After just an hour, I knew that wasn't going to work very well---the beans had already absorbed all that water-- and moved the beans to a small plastic container, about 4x7x4, and filled it with water to about three fourth's full, beans included. This worked well overnight to soak the beans. Some beans started to split open, others just swelled a bit. About two in the afternoon I rinsed the beans well in a colander and then put them in my large AllClad pasta pot.  To this I added a diced onion, about a cup of chopped celery, and three diced/chopped carrots. Seasoned with two bay leaves.  I added a quart of Kitchen Basics Vegetable Stock, plus a quart of water. (Bob's recipe says to use 2 1/2 quarts, but I wanted a thicker soup).  For the meat, I added Beeler's Ham, which I had on hand. Some of it was baked Saturday with cloves, allspice and pineapple, and I also added the end of the ham---no bone, just the 'wrapped' end of the ham for some awesome tastiness :-)  

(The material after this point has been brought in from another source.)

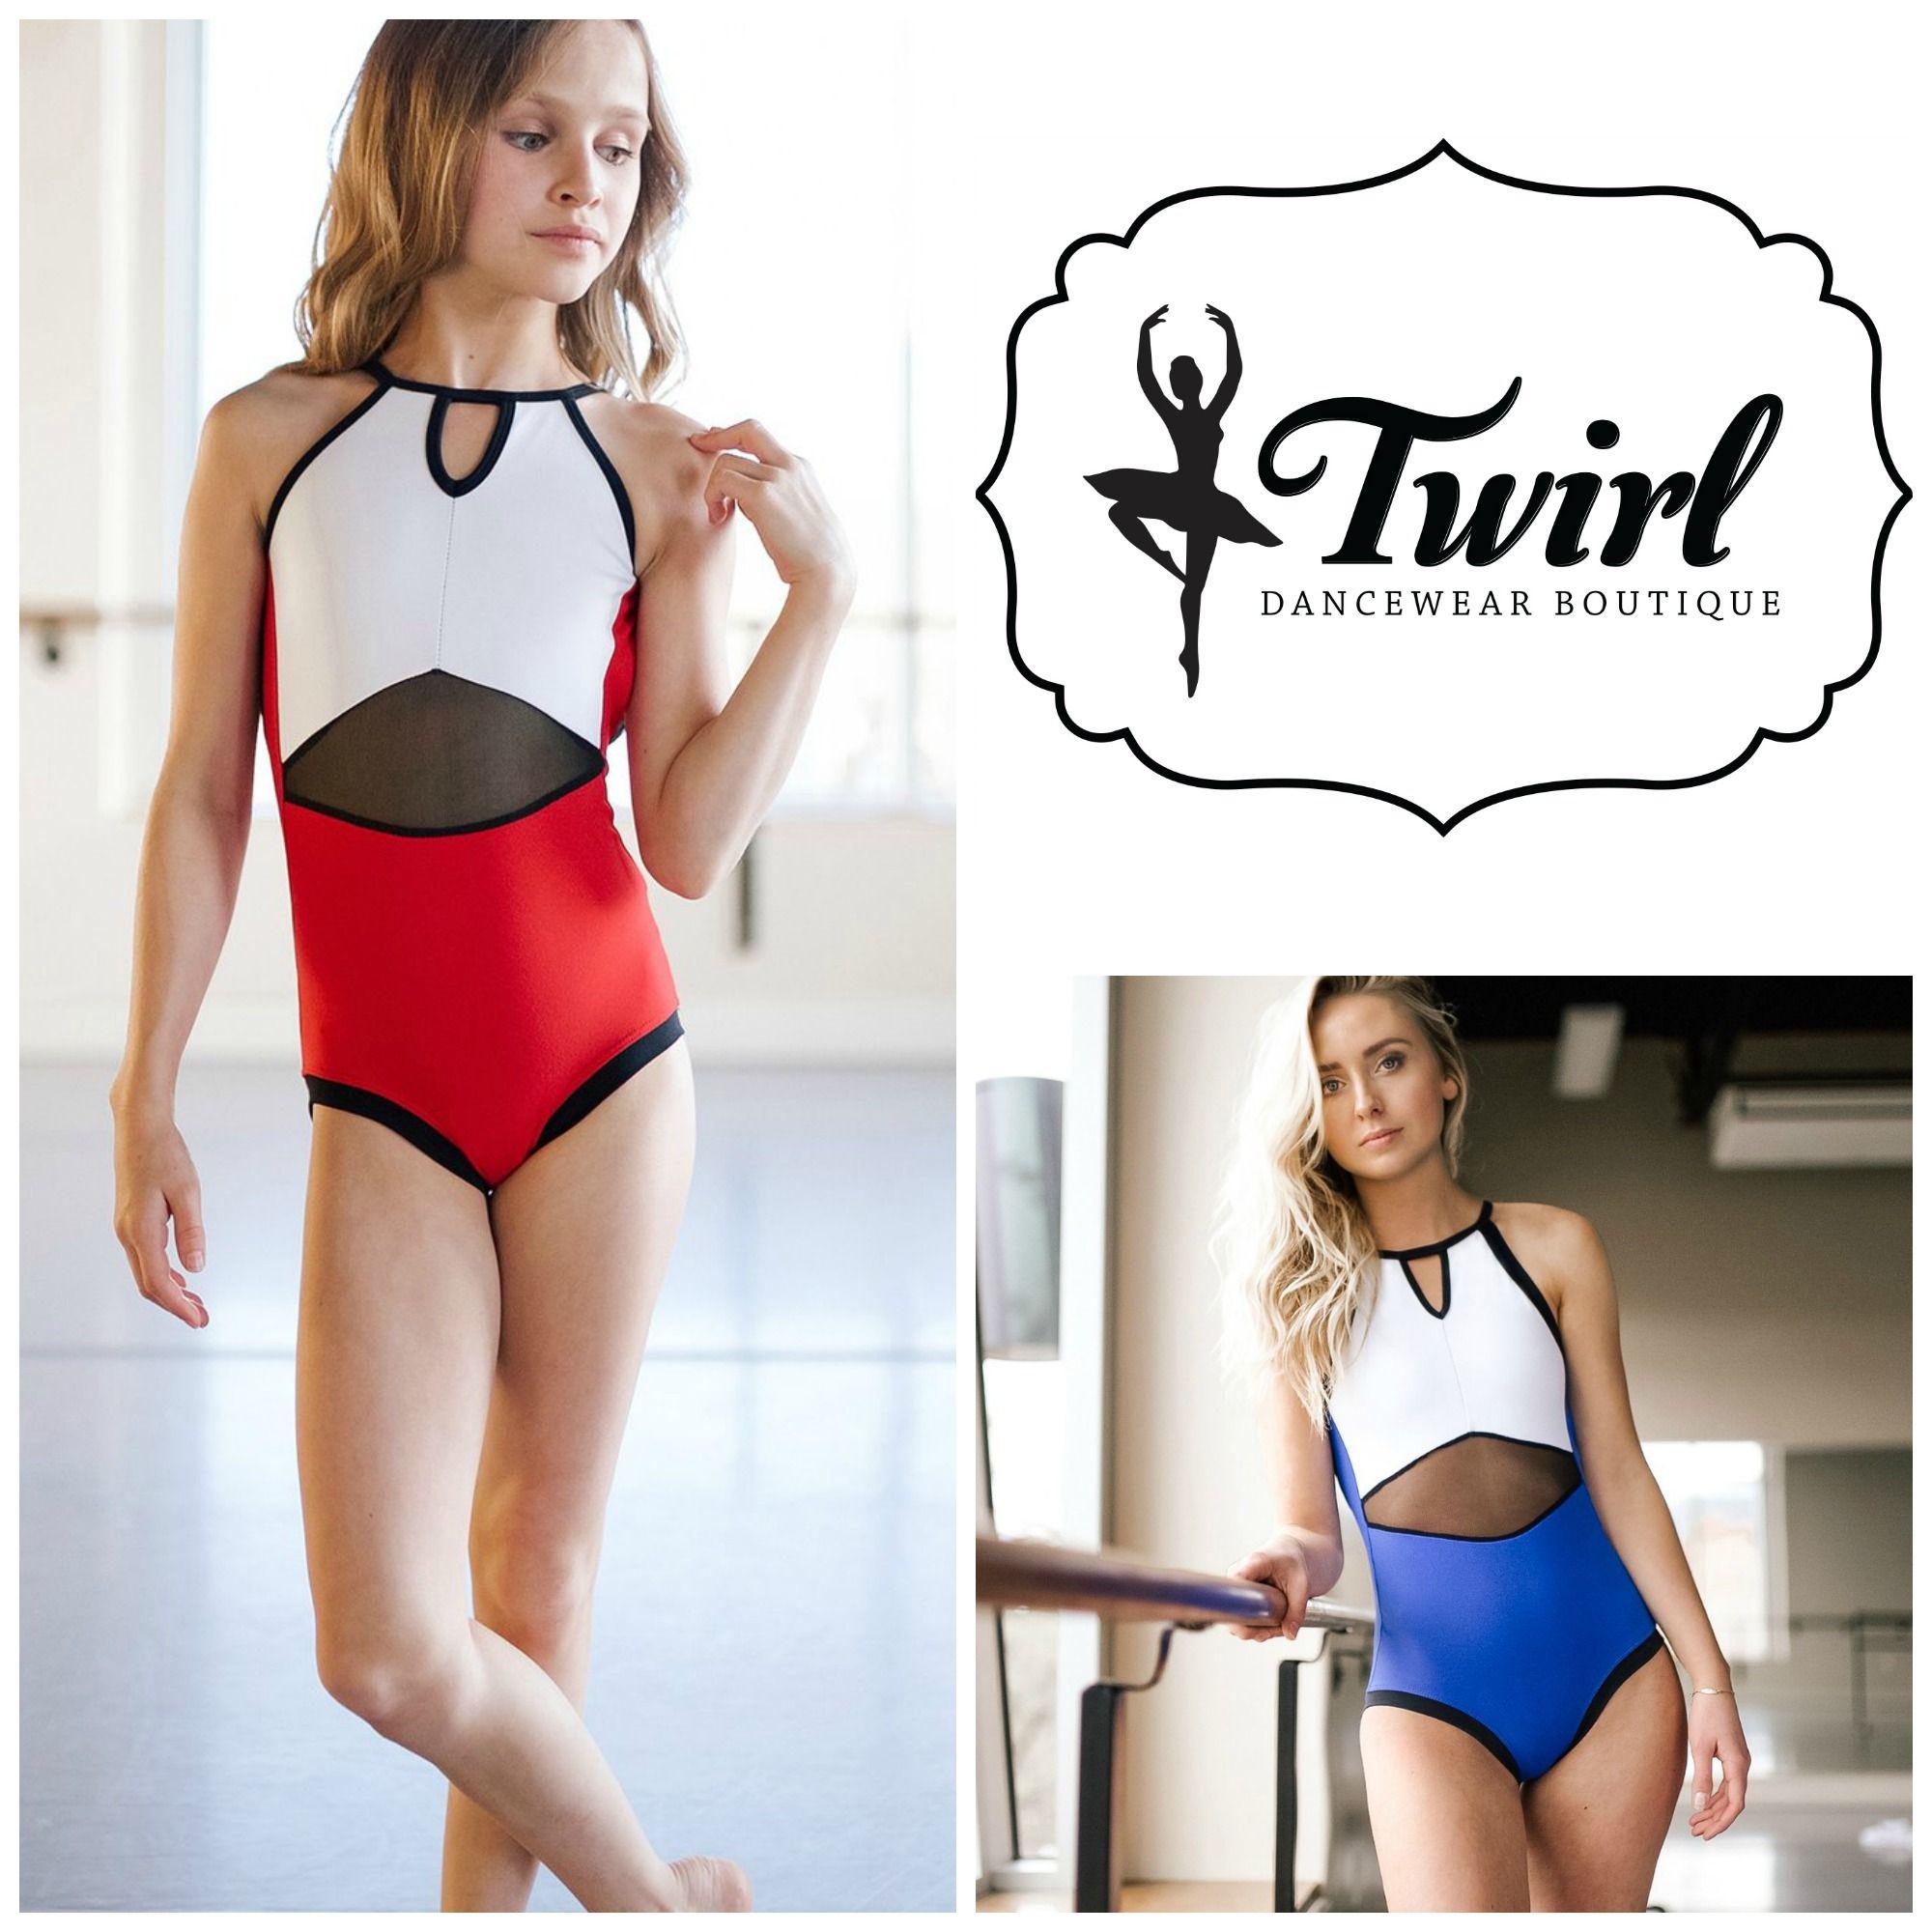 Kid Girl Sport Dance Outfits Two-Piece Jumpsuit Ballet Jazz Gymnastics Dancewear

Bring to a boil, stir, cover and reduce to simmer for three hours minimum.   

At this point, I decided to test the theory of adding baking soda to reduce the magical toots of beans.  I added about two teaspoons and it fizzed like crazy chemistry fun. 
It didn't eliminate the issue, but has seemed to diminish the quantity.  
After three hours, this is what the soup looked like. Pretty thick, with only about a inch or less of liquid on top, making it a hearty soup. 
I removed the end ham piece and soooo easily shredded it in the bowl.  This is what winter is all about: fall apart meat candy goodness. 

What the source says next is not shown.